A campaign with a 40 percent ACoS might look expensive, but if 70 percent of its sales are from new-to-brand customers, it is building your customer base in a way that will generate repeat purchases and lifetime value.

Track whether your Sponsored Brands campaigns are increasing the number of customers who search for your brand name. An increase in branded search volume over time indicates that your brand advertising is building recognition. You can monitor this through your Search Query Performance report if available through Brand Analytics.

Long-Term Impact

Sponsored Brands create value that extends beyond the immediate click and purchase. Track your overall brand sales (not just ad-attributed sales) before, during, and after Sponsored Brands campaigns. The total impact on brand revenue, which you can monitor through SellerPilot AI, is often significantly larger than what the direct advertising metrics show.

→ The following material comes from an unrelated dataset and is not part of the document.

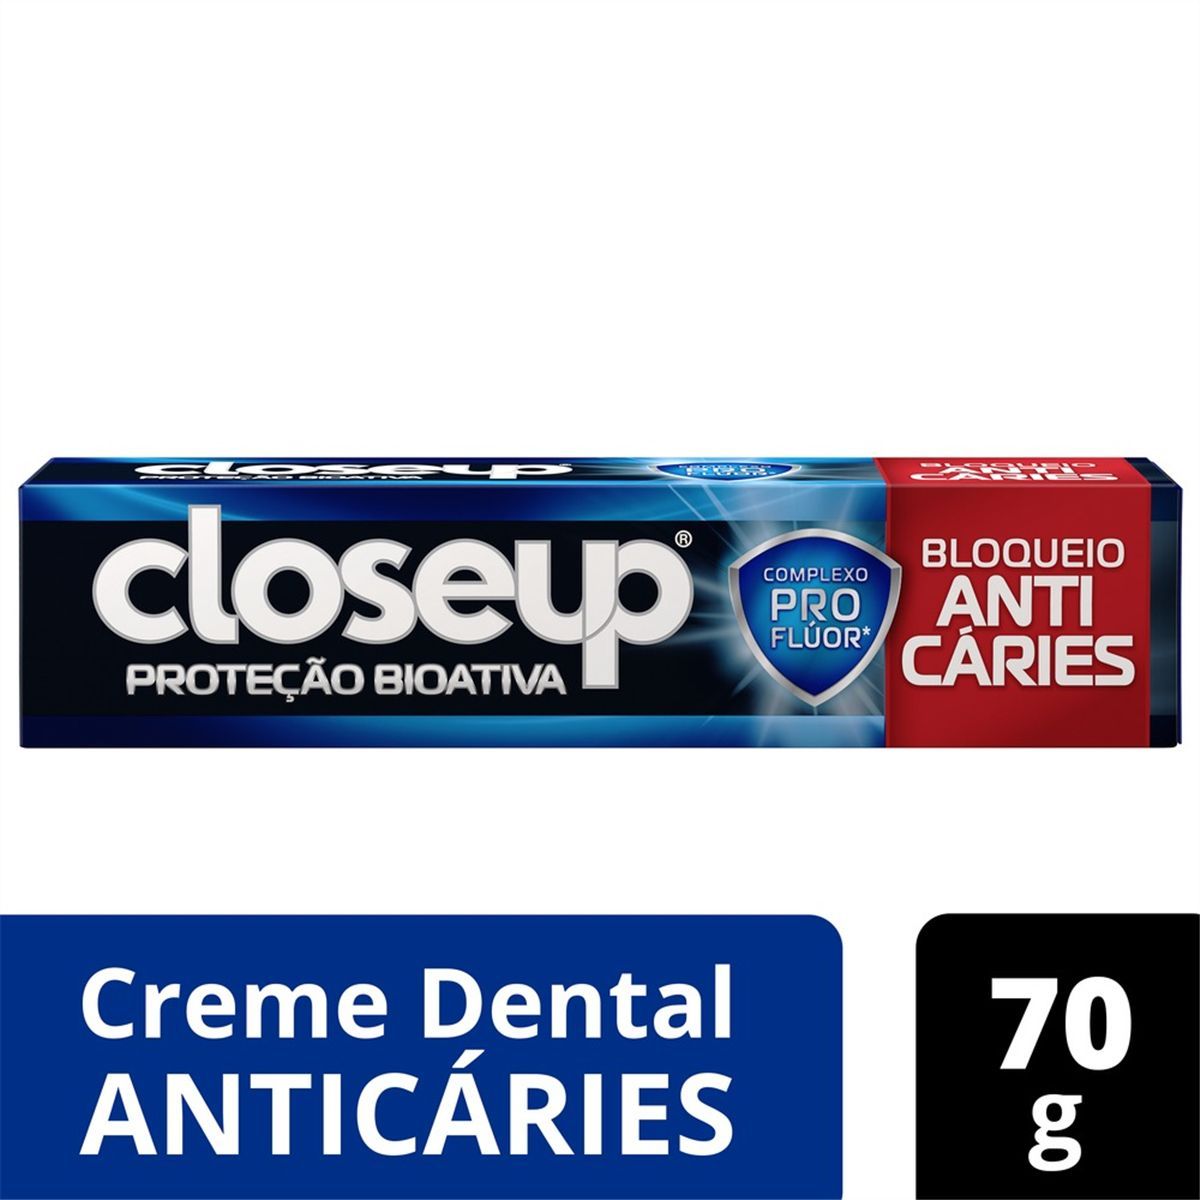 Creme Dental Closeup Proteção Biotiva Bloqueio Anti Cáries 70g image number 1

Only running Sponsored Products. Many sellers never try Sponsored Brands because they are comfortable with Sponsored Products. This leaves the top-of-search position to competitors who are building brand recognition with your potential customers.

Generic headlines. "Great Products at Great Prices" tells the customer nothing specific. Use your headline to communicate a concrete differentiator.

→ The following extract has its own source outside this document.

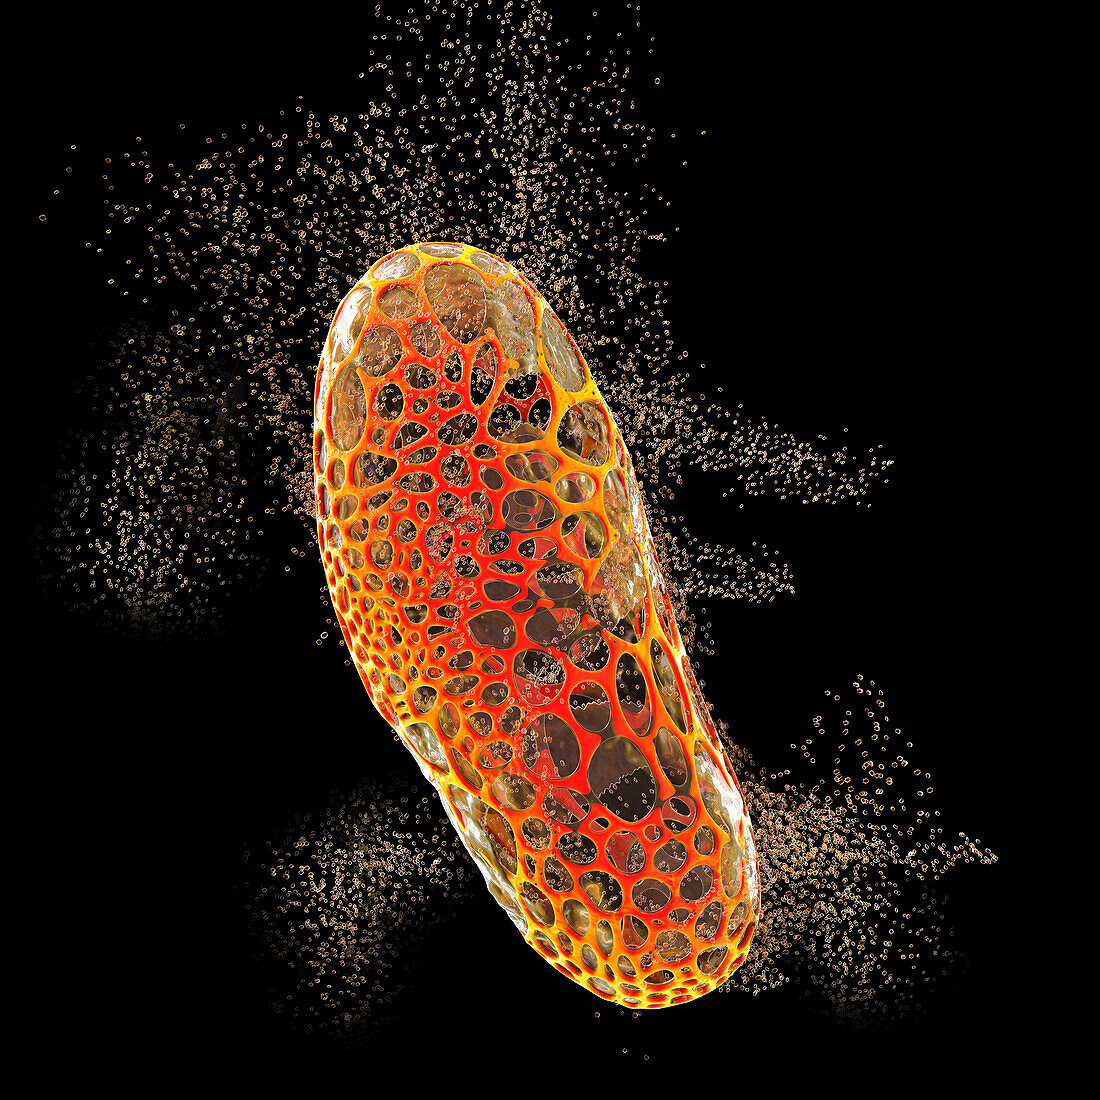 Destruction of bacterium, conceptual illustration

Sending traffic to a poor Store experience. If your Amazon Store is incomplete or outdated, Sponsored Brands traffic will not convert well. Invest in your Store before scaling Sponsored Brands spend.

Ignoring new-to-brand metrics. Evaluating Sponsored Brands solely on ACoS undervalues their customer acquisition role. Consider new-to-brand metrics alongside efficiency metrics.

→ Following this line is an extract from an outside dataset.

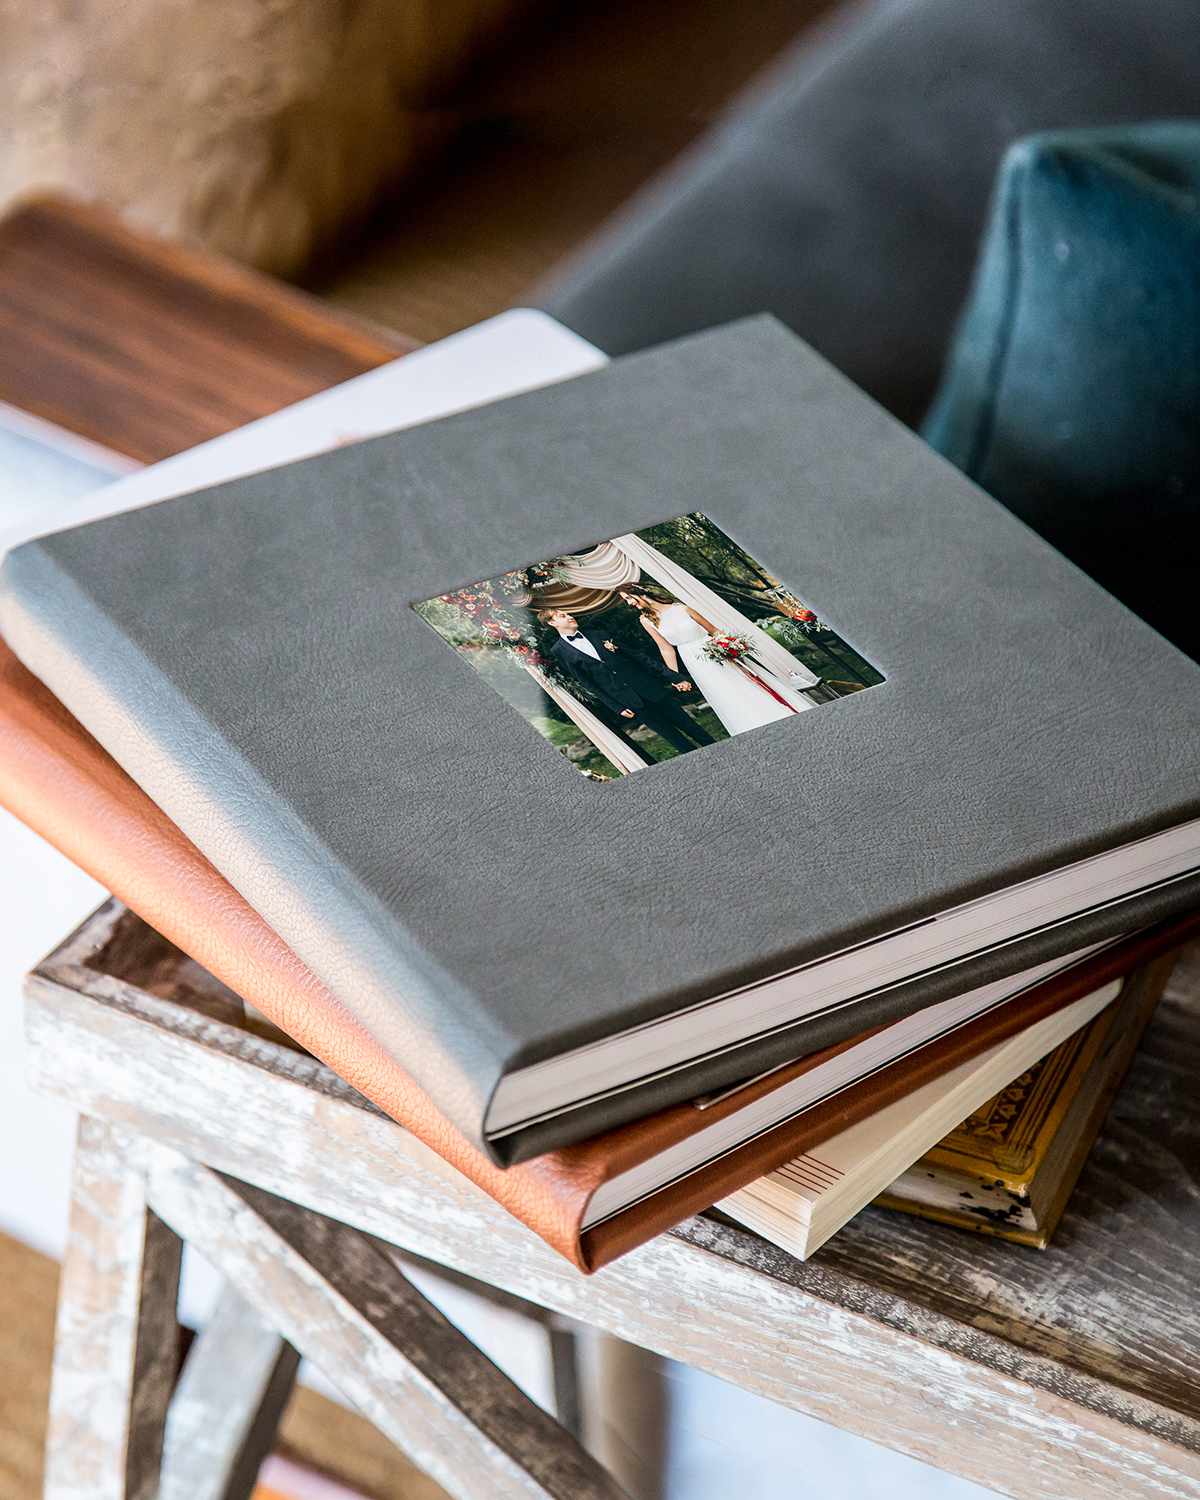 wedding photo albums lay-flat binding gray burnt orange on table

Not testing creative. Run A/B tests on headlines, product selections, and landing pages. Small creative improvements can significantly impact campaign performance.

Key Takeaways

Sponsored Brands are essential for brand-registered sellers who want to build long-term brand equity on Amazon. They command the most visible position in search results, support multiple creative formats including video, and drive both immediate sales and brand awareness. Start with Product Collection ads defending your brand name, expand to category keywords for customer acquisition, and invest in video creative for maximum engagement. Measure success using both traditional PPC metrics and new-to-brand metrics to capture the full value of your brand advertising investment.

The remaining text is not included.